Автор книги: Сборник
Жанр: Биографии и Мемуары, Публицистика
Возрастные ограничения: +12
сообщить о неприемлемом содержимом
Текущая страница: 6 (всего у книги 32 страниц) [доступный отрывок для чтения: 11 страниц]
Сидоров Алексей Алексеевич110
Сидоров Алексей Алексеевич (1891–1978) – искусствовед, библиофил и коллекционер, историк искусства, специалист по книговедению и истории рисунка. Доктор искусствоведения, член-корреспондент АН СССР, заслуженный деятель искусств РСФСР. В 1916–1936 годах с некоторым перерывом работал в Государственном музее изящных (изобразительных) искусств. Преподаватель и профессор отделения истории и теории искусств МГУ. Преподавал в Полиграфическом институте. В ГАХНе был председателем Секции полиграфических искусств, Секции пространственных искусств. С 1924 года – ученый секретарь ГАХН. Подарил государству собранную им большую коллекцию графики русских и иностранных художников.

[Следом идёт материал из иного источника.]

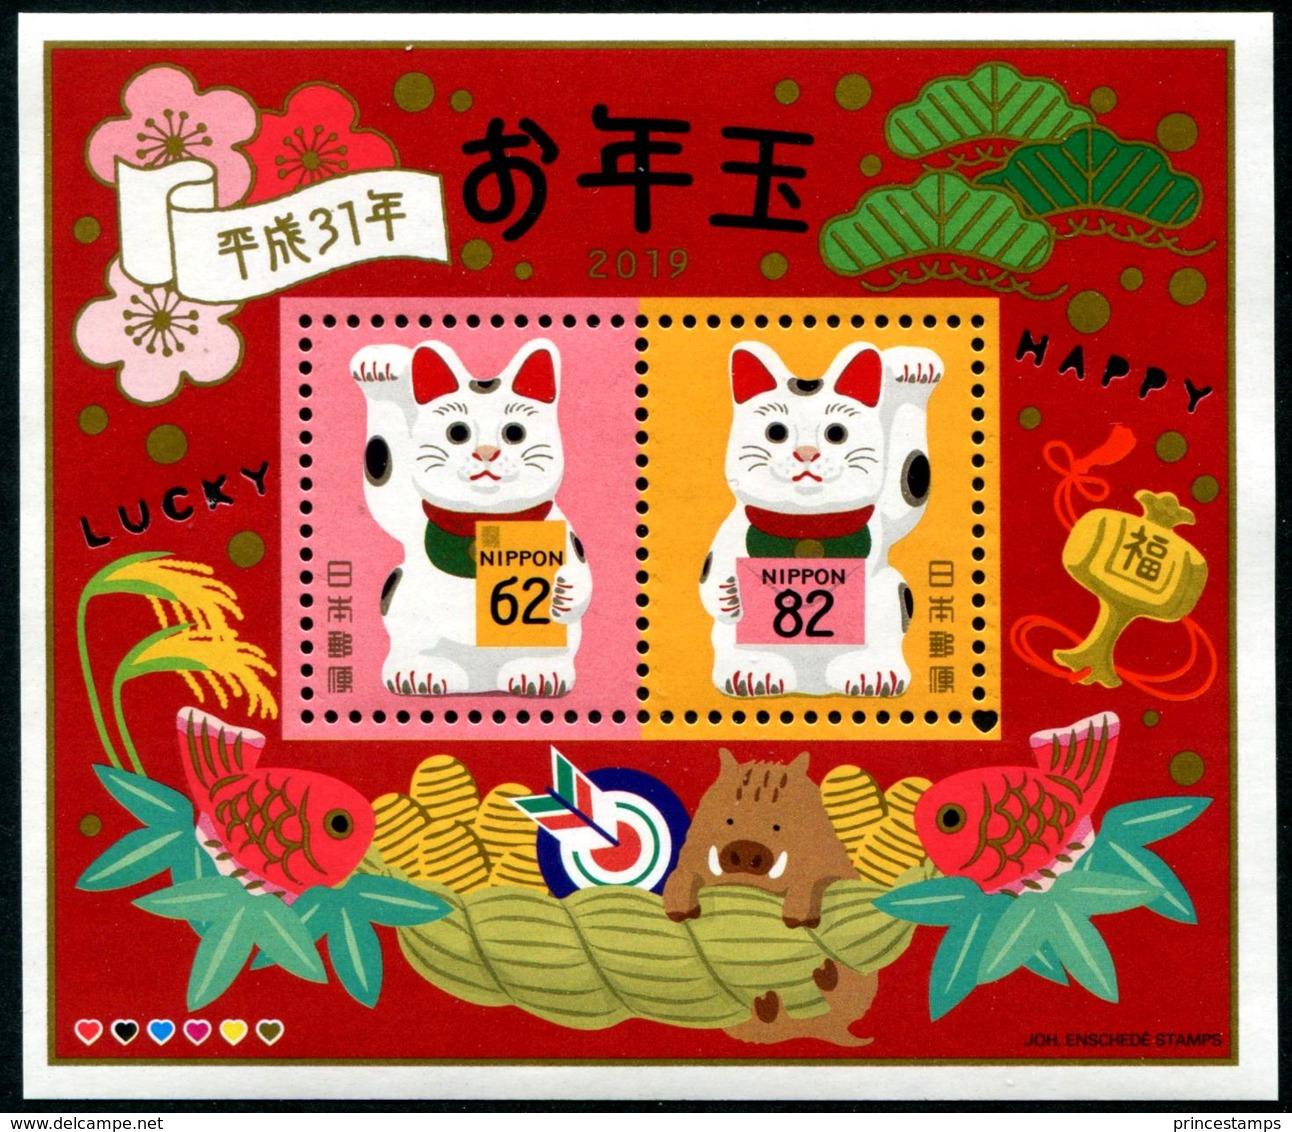 Japan (2019) - Block - / Lottery Chinese New Year - Chinees Nieuwjaar

В 1911–1913 годах Алексей Сидоров и Сергей Дурылин были очень дружны. Они оба пришли в издательство символистов «Мусагет» в день его официального открытия и активно сотрудничали в нем. Были инициаторами создания и активными участниками Ритмического кружка Андрея Белого, бывали в Обществе свободной эстетики Брюсова. Дурылин гостил в имении Сидоровых Николаевке, где друзья вместе занимались ритмическими подсчетами стихотворных форм и сочиняли фантастический роман «Семь крестов», оставшийся недописанным. Соседствовали на страницах одноименного с издательством альманаха «Лирика» и на страницах «Антологии» («Мусагет», 1911). С 1920 года их жизненные пути разошлись. В дальнейшем отношения С. Н. Дурылина и А. А. Сидорова из дружеских перешли в область профессиональных интересов. В 1925–1927 годах (до ареста в июне) Дурылин работал в ГАХНе, а с 1945 года в Институте истории искусств АН СССР (ныне Институт искусствознания), где работал и Сидоров.

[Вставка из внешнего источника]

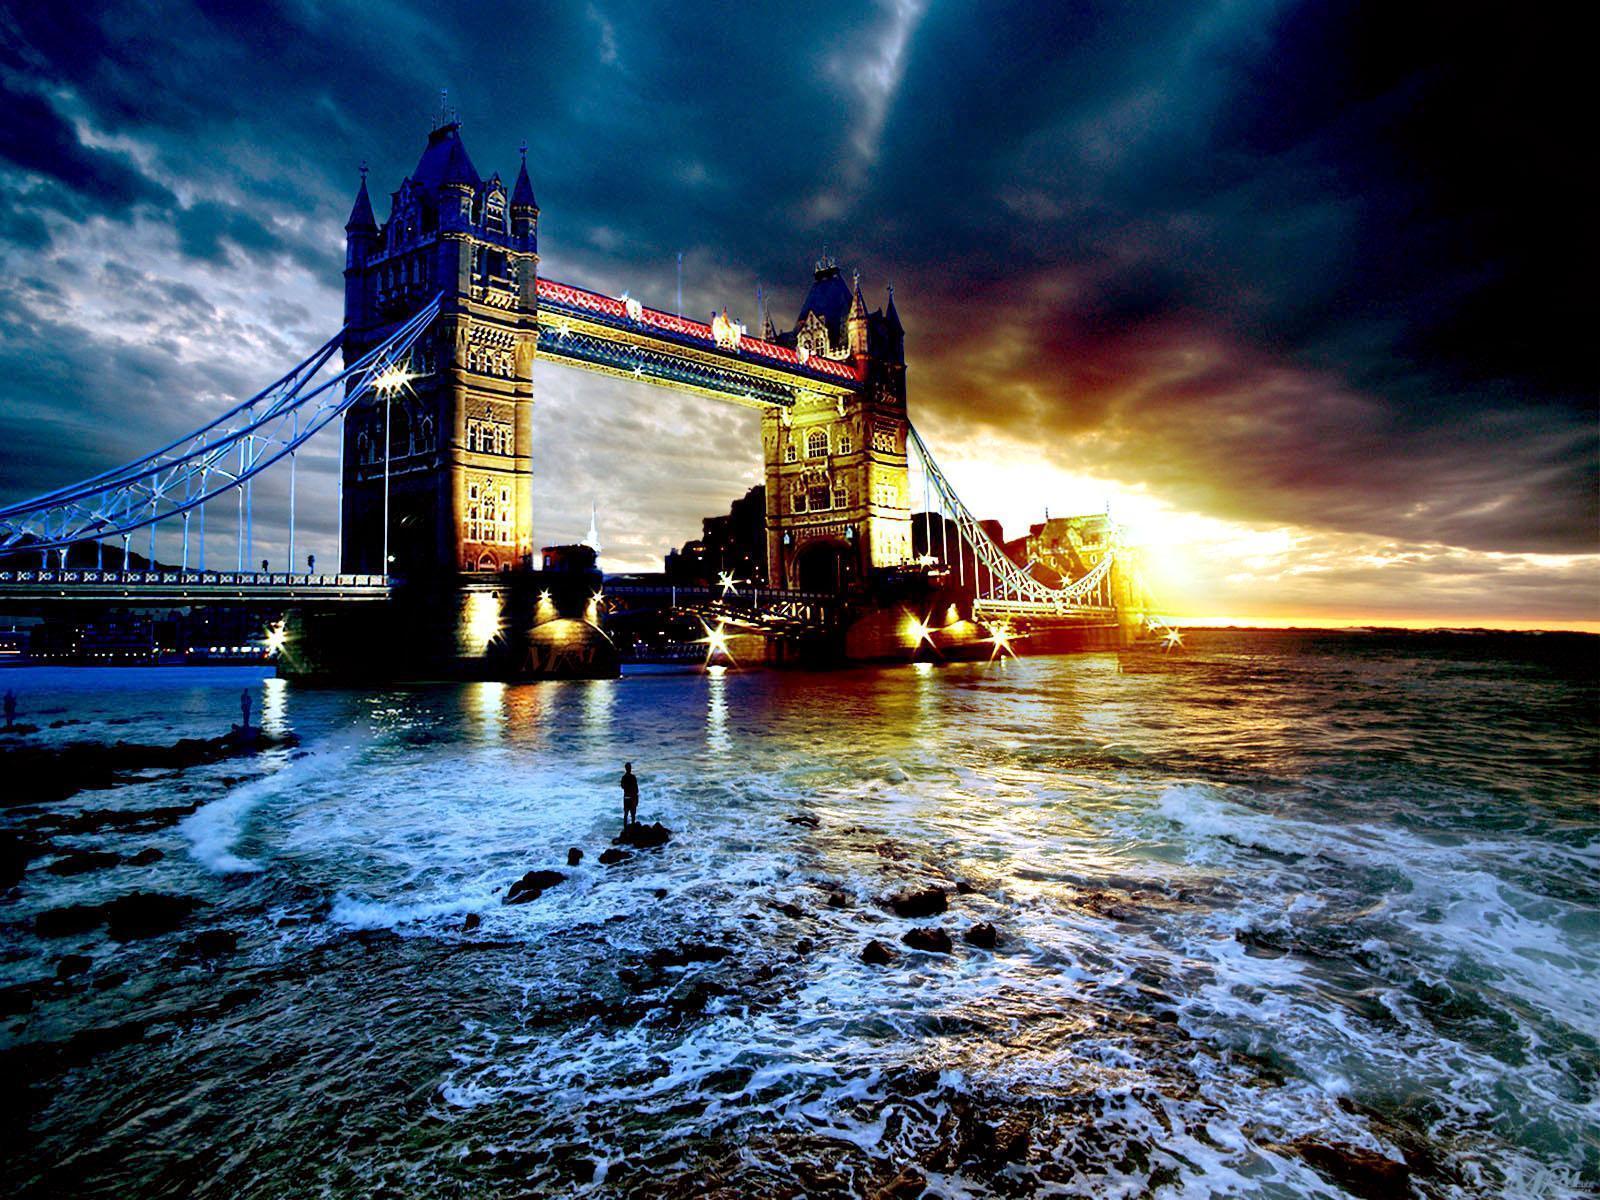 wallpaper bridge london scenic - photo #17

Говорить о покойном друге – это нечто ответственное, важное, нужное и опасное. Трудно прикасаться к таким временам, к которым как будто утрачены все ключи, к временам очень далекой молодости. <…> Я был в числе самых старых друзей Сергея Николаевича Дурылина. <…>
Сергея Николаевича я хотел бы вызвать перед вашим представлением совсем молодым человеком – стройным брюнетом с маленькими усиками, необычайно живого, остроумного, блещущего всеми решительно талантами, какие только можно иметь…

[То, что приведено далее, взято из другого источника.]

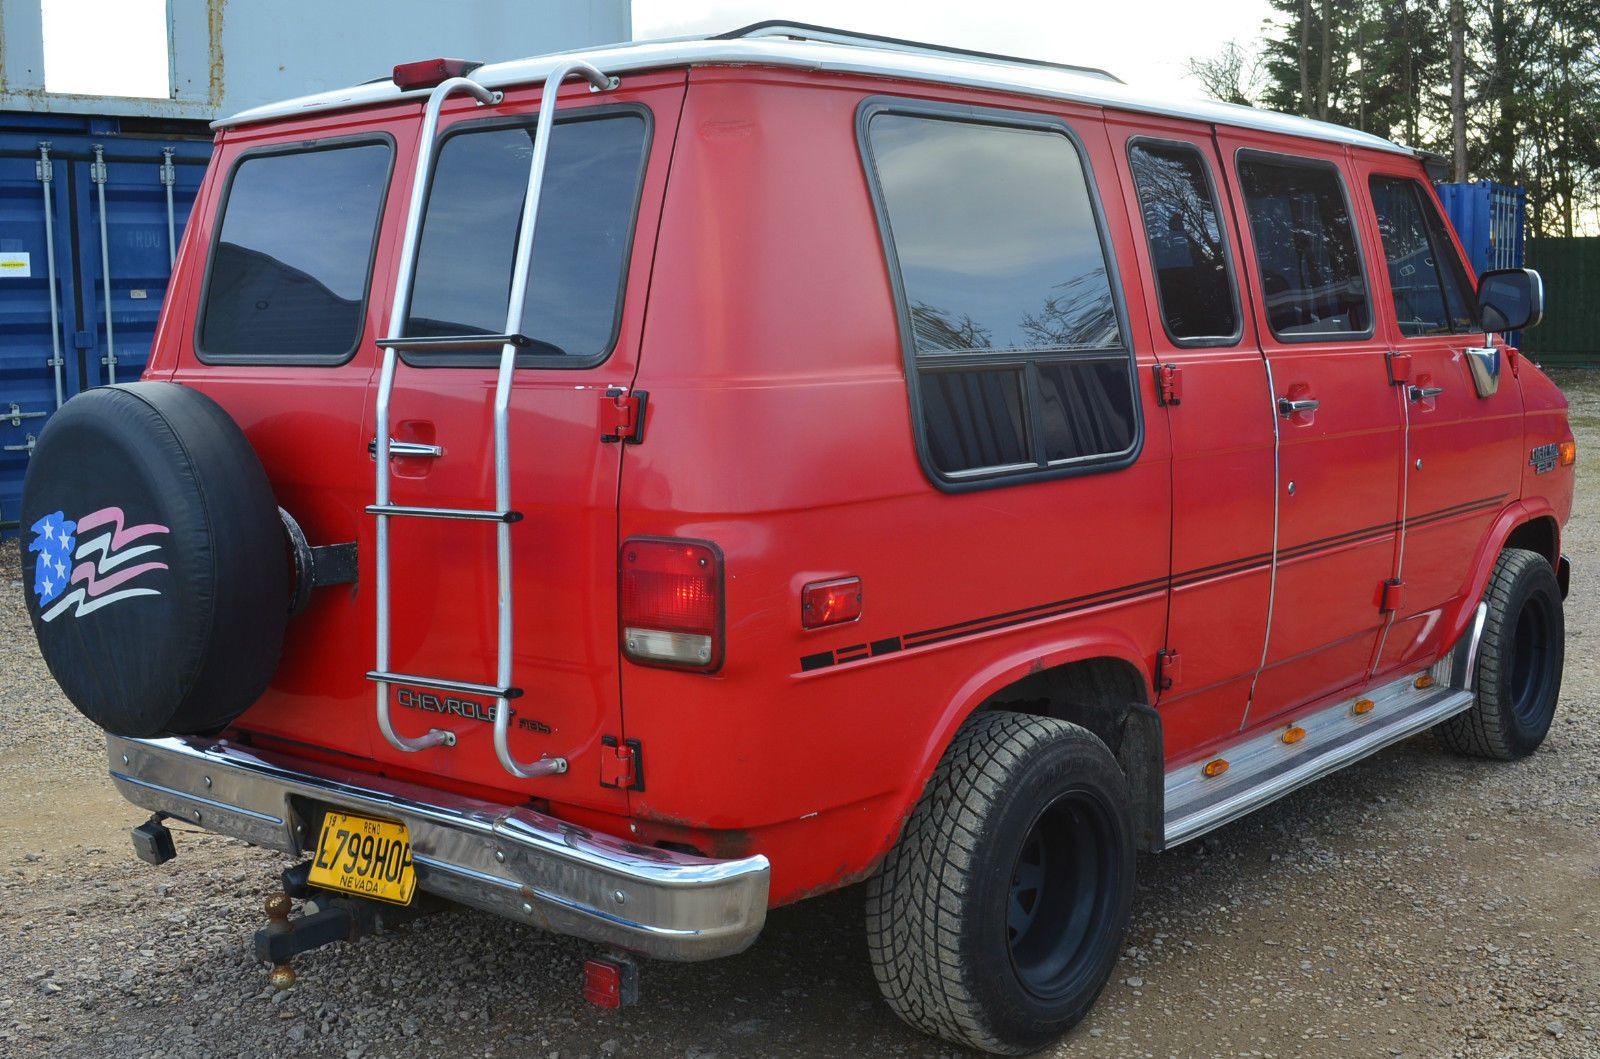 Chevrolet Chevy G20 Swb Rare In Uk Day Van Just Look Lovely Van

Сергей Николаевич вместе со мной начал писать роман: он пишет первую, вторую часть, я третью часть, он пятую, я шестую. Этот роман, который хранится в моем чердачке, это своеобразная картина тех времен, может быть, потомки будут увлекаться воспоминаниями, в которых описана прежняя литературная Москва. Как прозаик Сергей Николаевич прекрасно владел русским языком. Этот роман был веселым, дружеским памфлетом на тогдашнюю литературно-художественную Москву. Писался он в 1910–1911 годах111.
Перу Сергея Николаевича принадлежат и вещи более серьезные. Я не знаю, читал ли кто – нибудь из вас рассказ Сергея Николаевича «Жалостник»?112 С моей точки зрения, Сергей Николаевич обладал блестящим литературным дарованием, он был в числе преемников Лескова.
Сергей Николаевич как поэт довольно много печатал113. Мы выступали параллельно. Ему принадлежит ряд стихотворений в сборниках, в которых мы выступали, где он был ведущим. Речь идет о молодом поколении московского символизма, в частности в издательстве «Мусагет». Есть «Антология», где 30 поэтов (нас тогда называли и «30 уродами»), выступали с циклами стихов. Если вы увидите эту книгу, то там встретится вам замечательный мастер сонета Сергей Раевский – это Сергей Николаевич, у него был этот псевдоним. И как поэт Сергей Николаевич пользовался любовью, лаской и признанием старших товарищей, и над ним сияла если не любовь, то дружба Брюсова и скептическая слава Вячеслава Иванова.
Сергей Николаевич был всегда одним из самых популярных в Москве педагогов, за ним гонялись крупнейшие московские богачи, подманивая его, чтобы он воспитал самых трудно поддающихся балбесов (скорее великовозрастных гимназистов). Сергей Николаевич хорошо умел с ними справляться. Это был педагог совершенно прирожденного таланта. Не обладая никакими цензами (Сергей Николаевич бросил 4-ю московскую гимназию, написав о ней удивительно удачный очерк114), не будучи никогда в университете, вместе с тем сам достиг такой замечательно высокой степени культуры и такого педагогического умения, так умел воплощать все, что надо, в сознание самых разных молодых существ, что я честно повторяю: не знаю других таких примеров. Между прочим, его бесконечно ценили за это толстовцы115. То, что Сергей Николаевич был лично знаком <…> с Л. Толстым, вы, очевидно, слышали. Он с удовольствием всегда вспоминал о своем посещении Ясной Поляны. <…> Кстати сказать, С. Н. Дурылин потом пришел к убеждению, что детей вообще воспитывать не надо, с ними надо жить, дружить, так или иначе уметь творчески находить общий с ними язык. Горбунов-Посадов был на него обижен за отказ участвовать в методике воспитания по Толстовскому плану116. А я считаю, что Сергей Николаевич был в какой-то мере прав.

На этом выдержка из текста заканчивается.